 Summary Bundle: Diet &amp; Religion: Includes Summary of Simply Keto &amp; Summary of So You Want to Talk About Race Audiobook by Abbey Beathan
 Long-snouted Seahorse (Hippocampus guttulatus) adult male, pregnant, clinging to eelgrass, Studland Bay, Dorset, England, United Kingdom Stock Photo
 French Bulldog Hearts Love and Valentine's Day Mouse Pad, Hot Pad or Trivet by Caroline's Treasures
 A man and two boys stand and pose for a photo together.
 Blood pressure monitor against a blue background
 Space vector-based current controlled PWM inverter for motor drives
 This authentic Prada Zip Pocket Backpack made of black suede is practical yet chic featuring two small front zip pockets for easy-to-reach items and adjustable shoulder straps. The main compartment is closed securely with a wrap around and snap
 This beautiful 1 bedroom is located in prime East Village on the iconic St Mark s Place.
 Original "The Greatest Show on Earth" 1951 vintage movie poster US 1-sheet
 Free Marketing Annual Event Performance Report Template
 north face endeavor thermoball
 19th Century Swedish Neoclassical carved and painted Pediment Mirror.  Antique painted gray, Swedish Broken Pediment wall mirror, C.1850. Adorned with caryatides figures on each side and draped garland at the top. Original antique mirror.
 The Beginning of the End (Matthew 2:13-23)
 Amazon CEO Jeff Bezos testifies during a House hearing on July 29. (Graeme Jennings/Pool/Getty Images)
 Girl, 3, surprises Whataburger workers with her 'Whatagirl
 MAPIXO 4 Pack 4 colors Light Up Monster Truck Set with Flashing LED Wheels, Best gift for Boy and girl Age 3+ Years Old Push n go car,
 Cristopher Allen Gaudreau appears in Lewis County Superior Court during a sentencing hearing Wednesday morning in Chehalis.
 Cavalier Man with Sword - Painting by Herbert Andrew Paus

* Assignment: Leave out every line before the one containing "19th Century Swedish". Transcribe that line and all lines after it through the end of the data above, exactly.

* Task result:
 19th Century Swedish Neoclassical carved and painted Pediment Mirror.  Antique painted gray, Swedish Broken Pediment wall mirror, C.1850. Adorned with caryatides figures on each side and draped garland at the top. Original antique mirror.
 The Beginning of the End (Matthew 2:13-23)
 Amazon CEO Jeff Bezos testifies during a House hearing on July 29. (Graeme Jennings/Pool/Getty Images)
 Girl, 3, surprises Whataburger workers with her 'Whatagirl
 MAPIXO 4 Pack 4 colors Light Up Monster Truck Set with Flashing LED Wheels, Best gift for Boy and girl Age 3+ Years Old Push n go car,
 Cristopher Allen Gaudreau appears in Lewis County Superior Court during a sentencing hearing Wednesday morning in Chehalis.
 Cavalier Man with Sword - Painting by Herbert Andrew Paus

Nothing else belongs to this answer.